Economists had predicted a return to modest growth following September’s fall, but uncertainty ahead of the October Budget and persistently high interest rates kept both consumers and businesses from spending freely.
The ONS noted a particularly weak month for pubs, restaurants, and retailers, while some professional services sectors such as real estate, legal, and accountancy firms brought forward work ahead of the Chancellor’s Budget announcement.
Chancellor Rachel Reeves described the figures as “disappointing” but maintained that policies are in place to deliver long-term growth. Shadow Chancellor Mel Stride argued the latest numbers reveal the negative impact of the government’s decisions and pessimistic economic messaging.
Economists also highlighted that the drag on growth may not be solely due to the Budget’s effects. Paul Dales, chief UK economist at Capital Economics, said higher interest rates may be weighing on activity more than anticipated. Although the Bank of England has cut rates twice this year, they remain elevated compared to previous years, further discouraging spending and investment.

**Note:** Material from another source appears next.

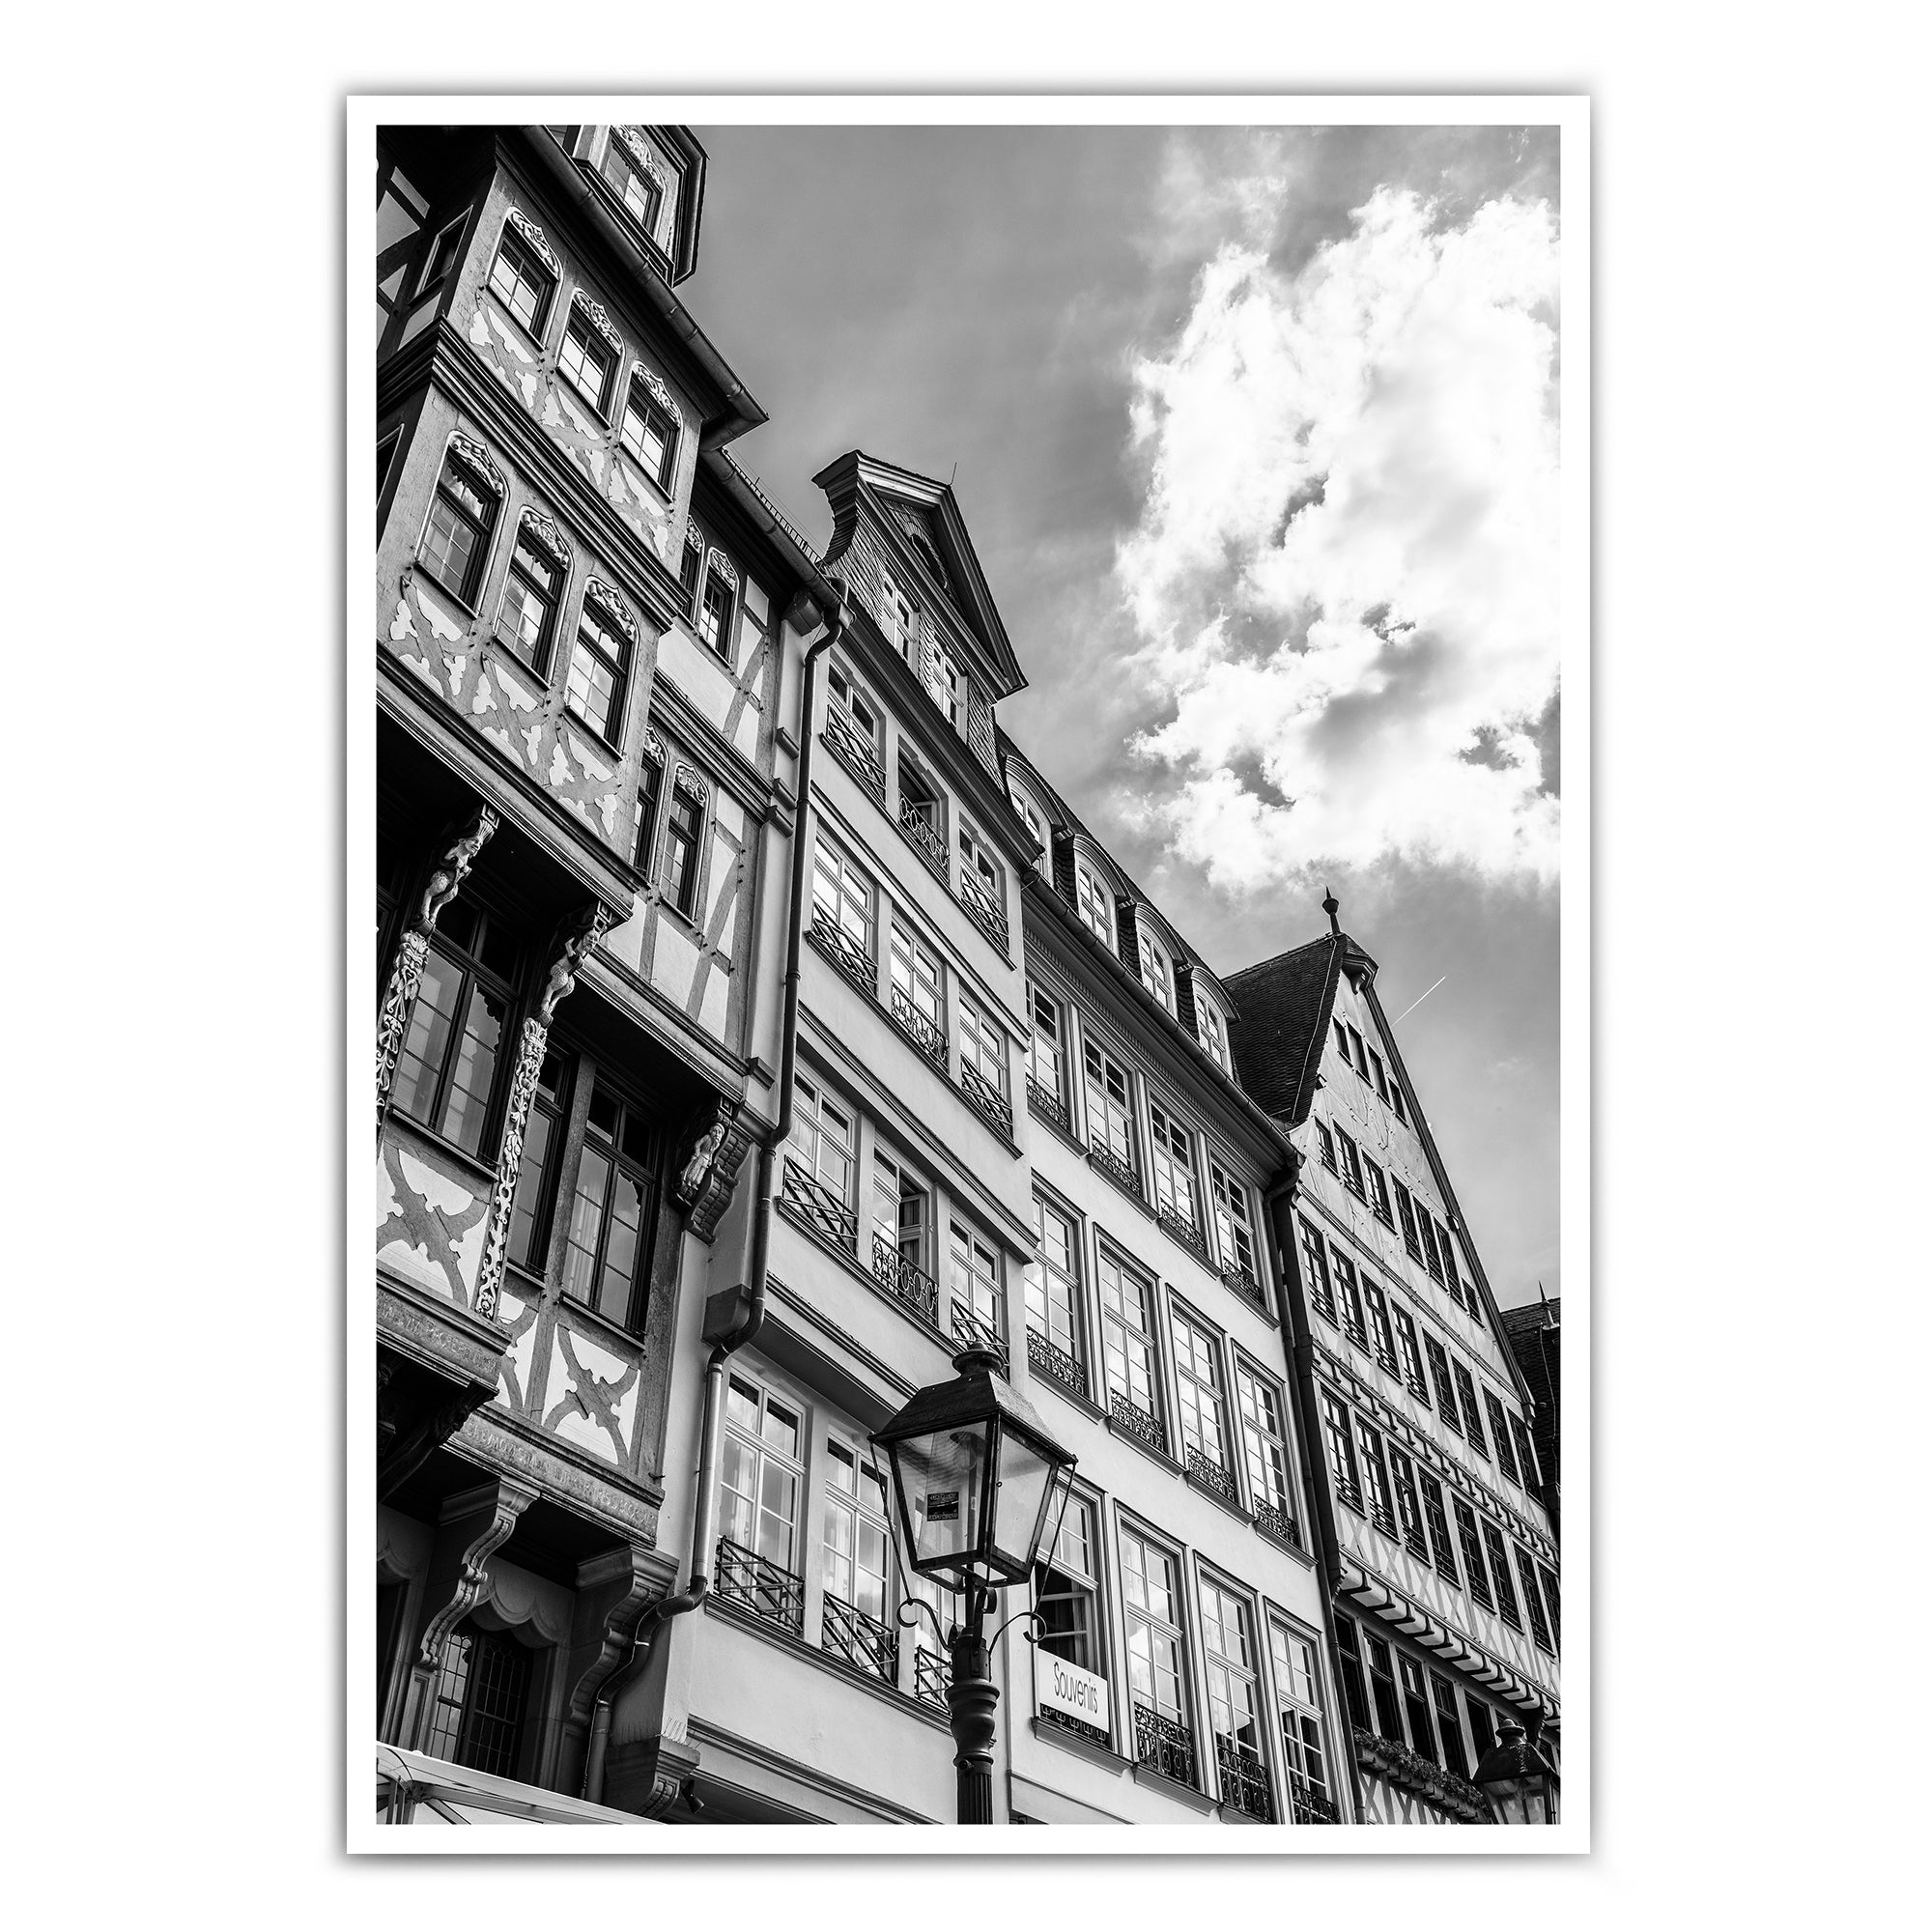 4one-pictures-frankfurt-am-main-poster-skyline-bild-ffm-kunstdruck-shop-5mm_411d724b-9983-4f4c-b4c6-8de56dc348b1.jpg

Over the past five months, the economy has grown only once, and it now sits 0.1 per cent lower than before Labour took office in July. Despite the weak October figure, some experts, including Simon Wells from HSBC, cautioned against reading too much into a single month’s data, as initial estimates are often subject to revision.
In the three months to October, the economy still managed a slight expansion of 0.1 per cent, offering a glimmer of hope even as near-term prospects remain uncertain.